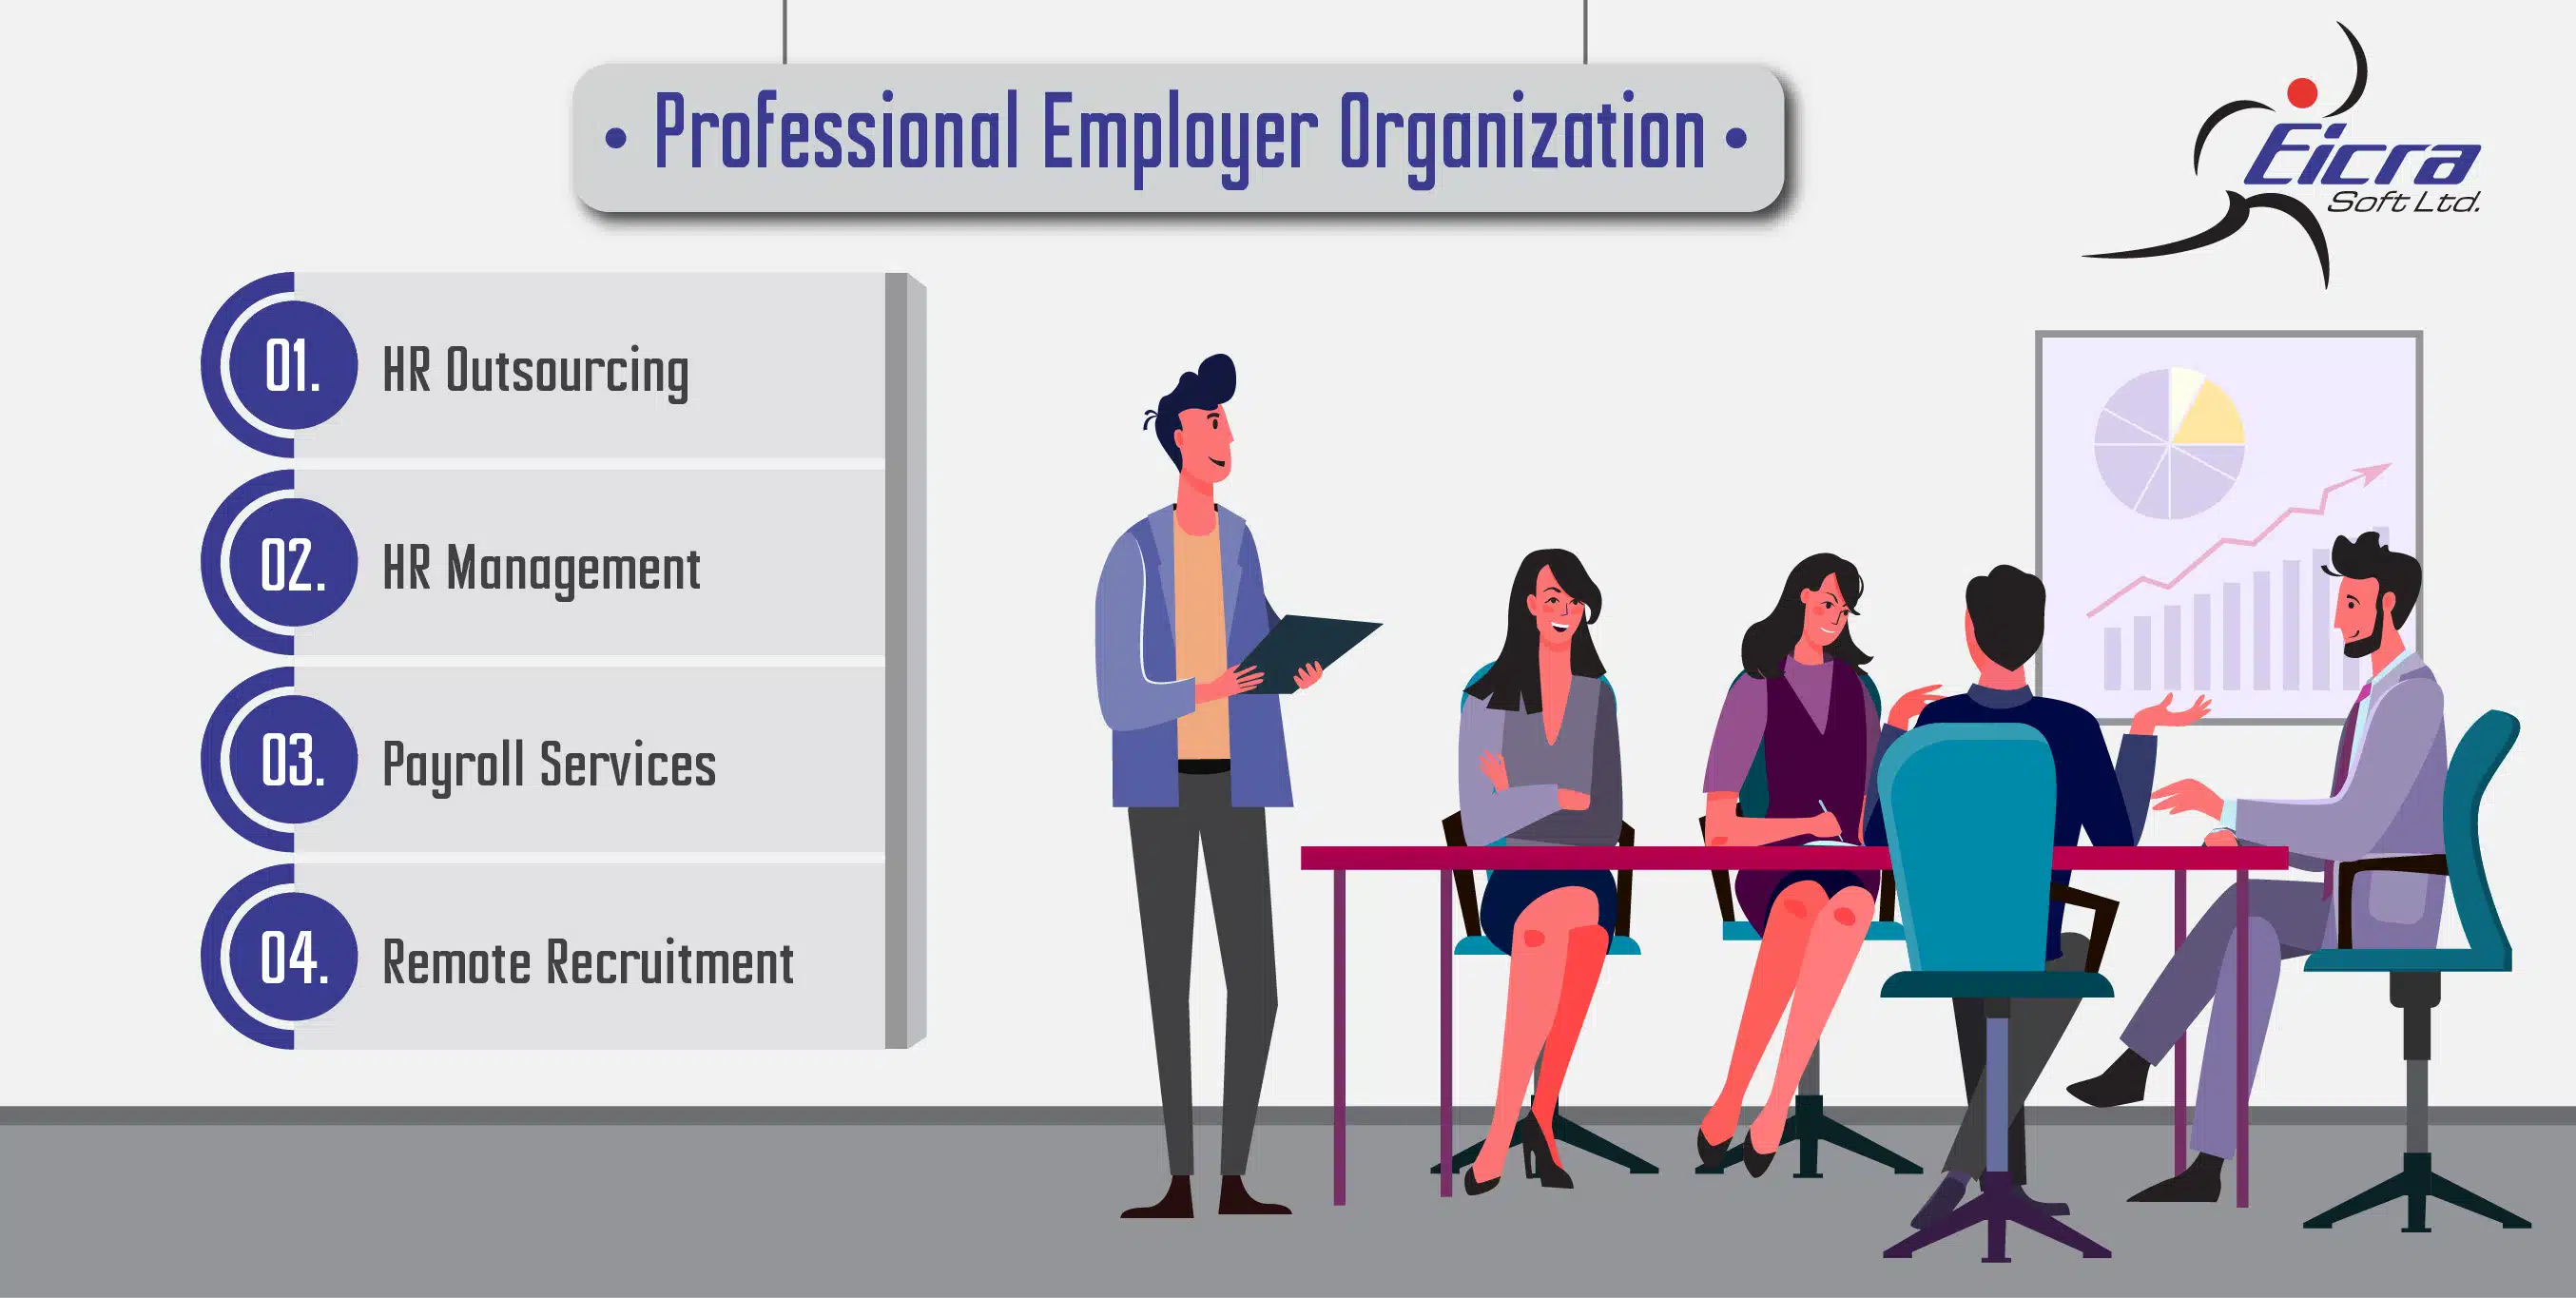 Professional Employer Organization
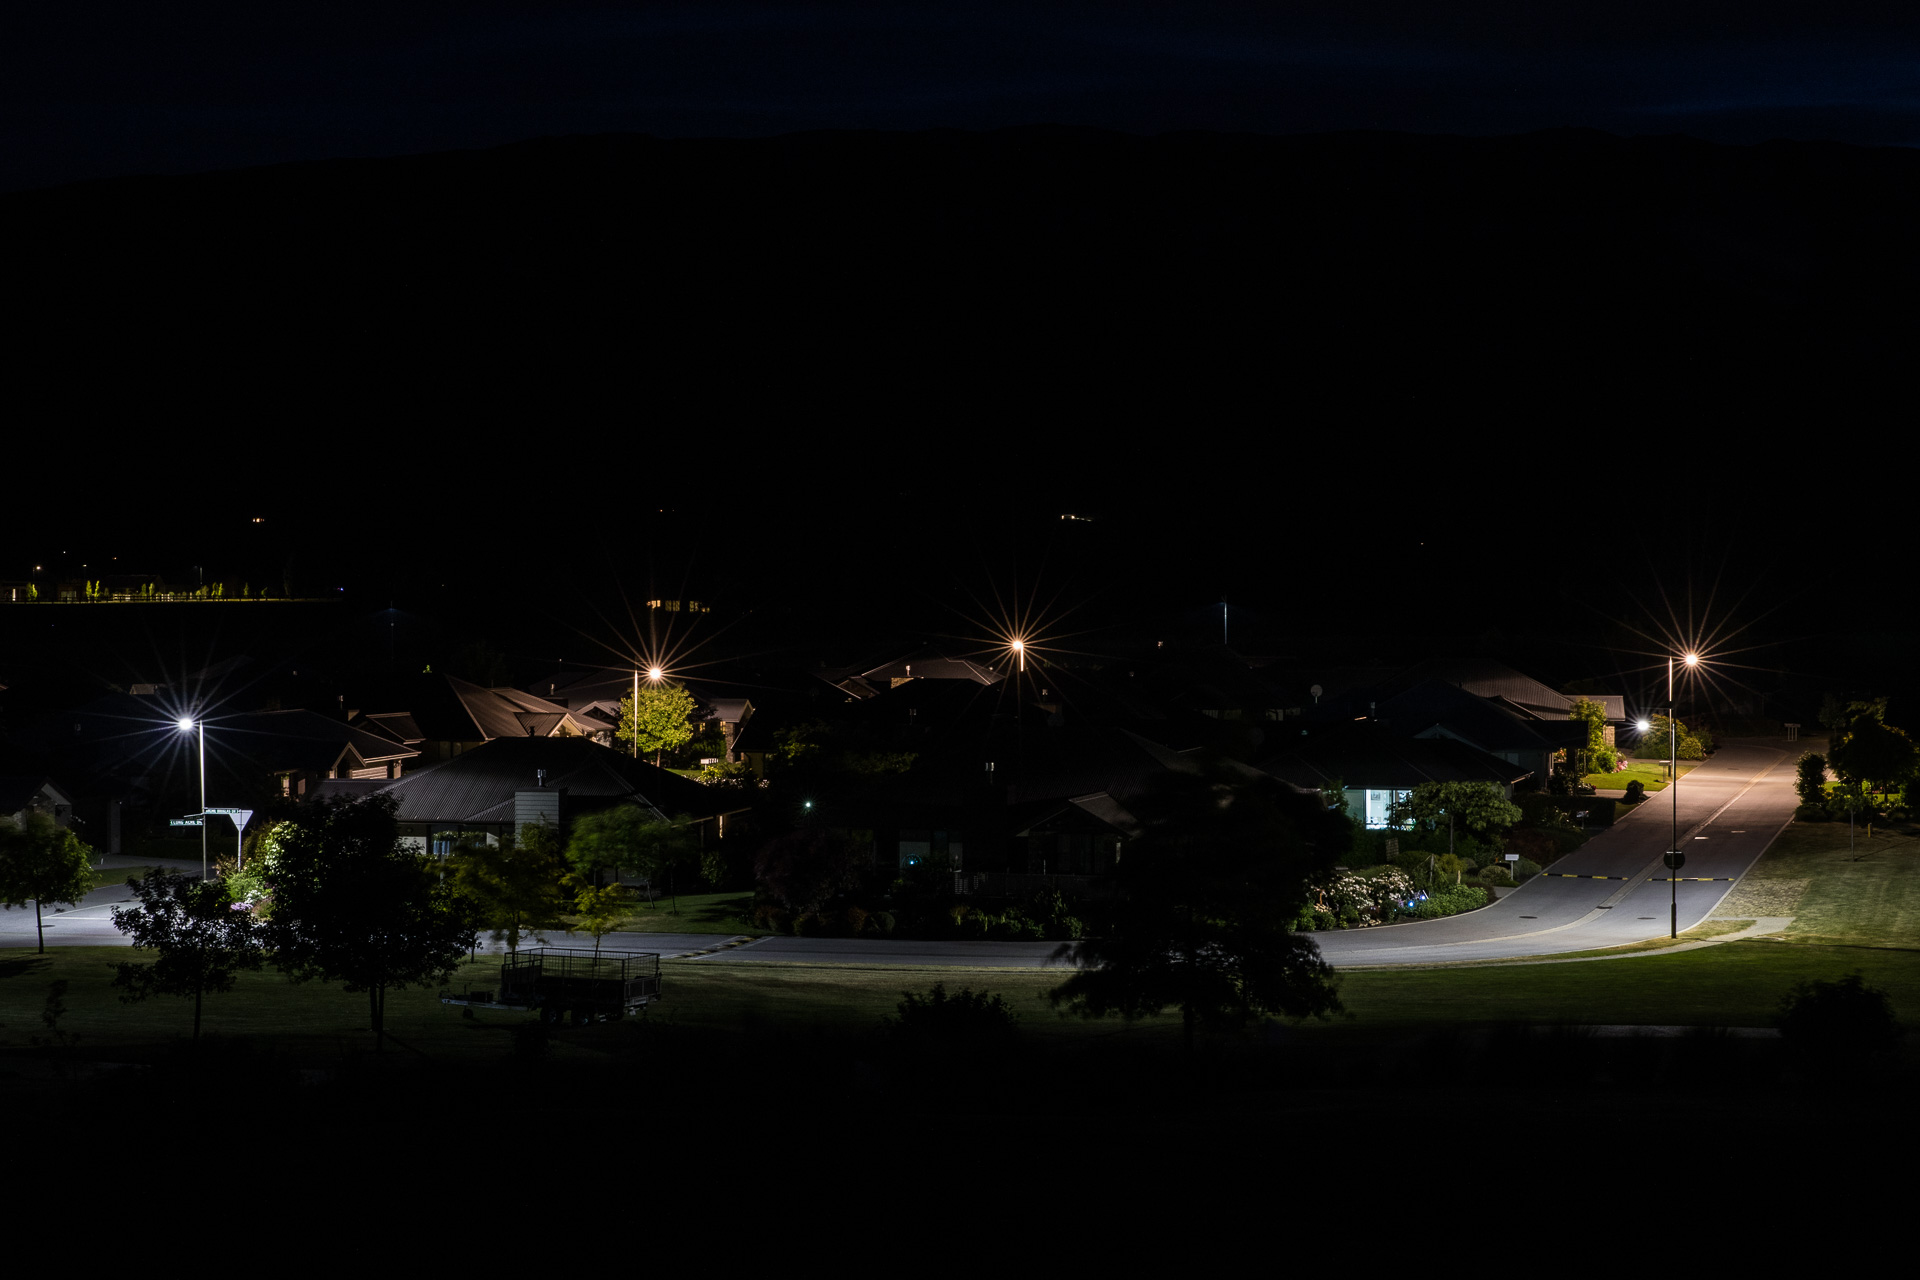 Aspiring Retirement village street at night, illuminated by ibex lighting
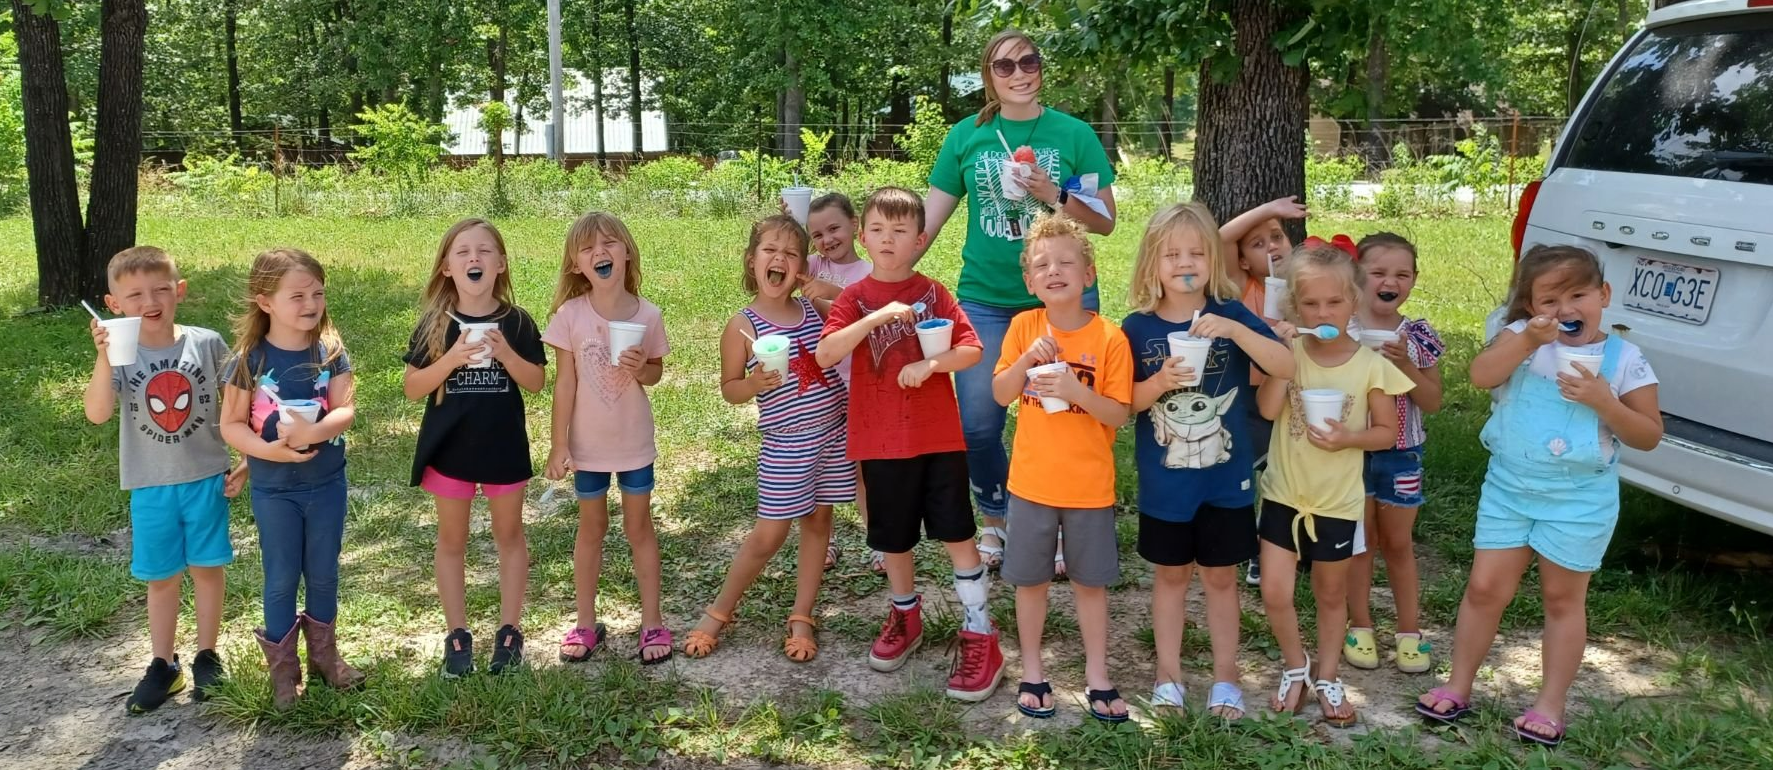 Summer school kiddos eating shaved ice
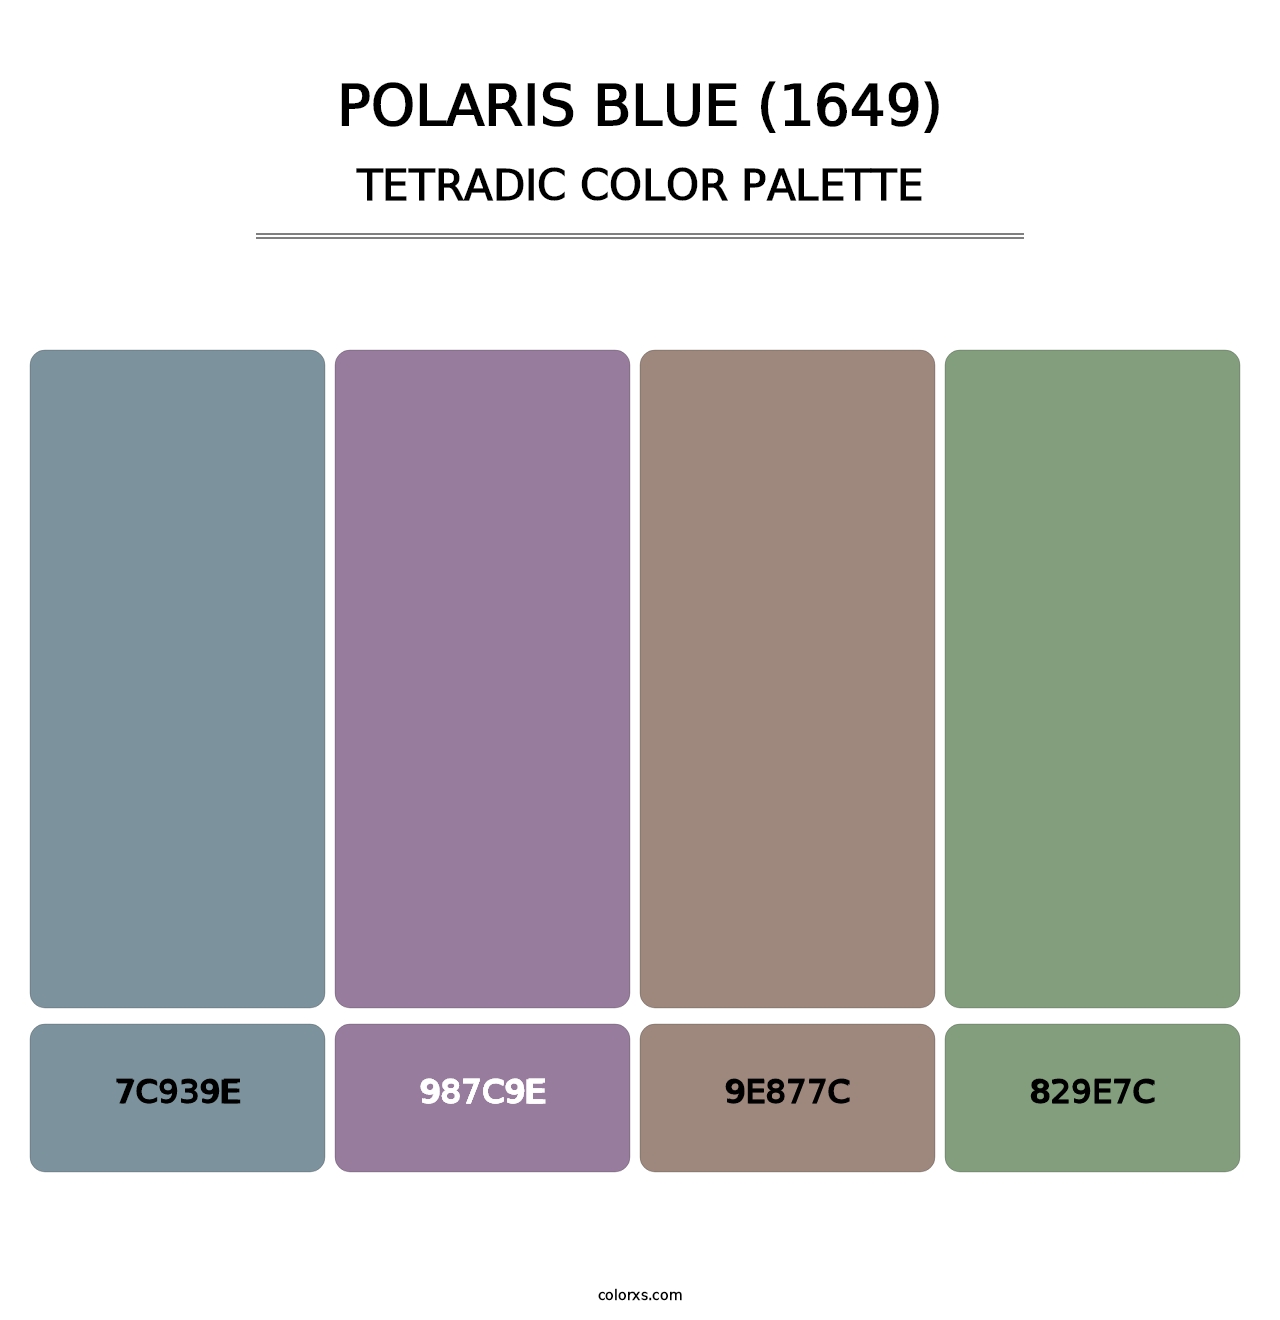 Polaris Blue (1649) - Tetradic Color Palette

───

→ **What is being asked**
Omit the pictures and give the material again, exactly and in full.

→ **Written solution**
 Professional Employer Organization
 Aspiring Retirement village street at night, illuminated by ibex lighting
 Summer school kiddos eating shaved ice
 Polaris Blue (1649) - Tetradic Color Palette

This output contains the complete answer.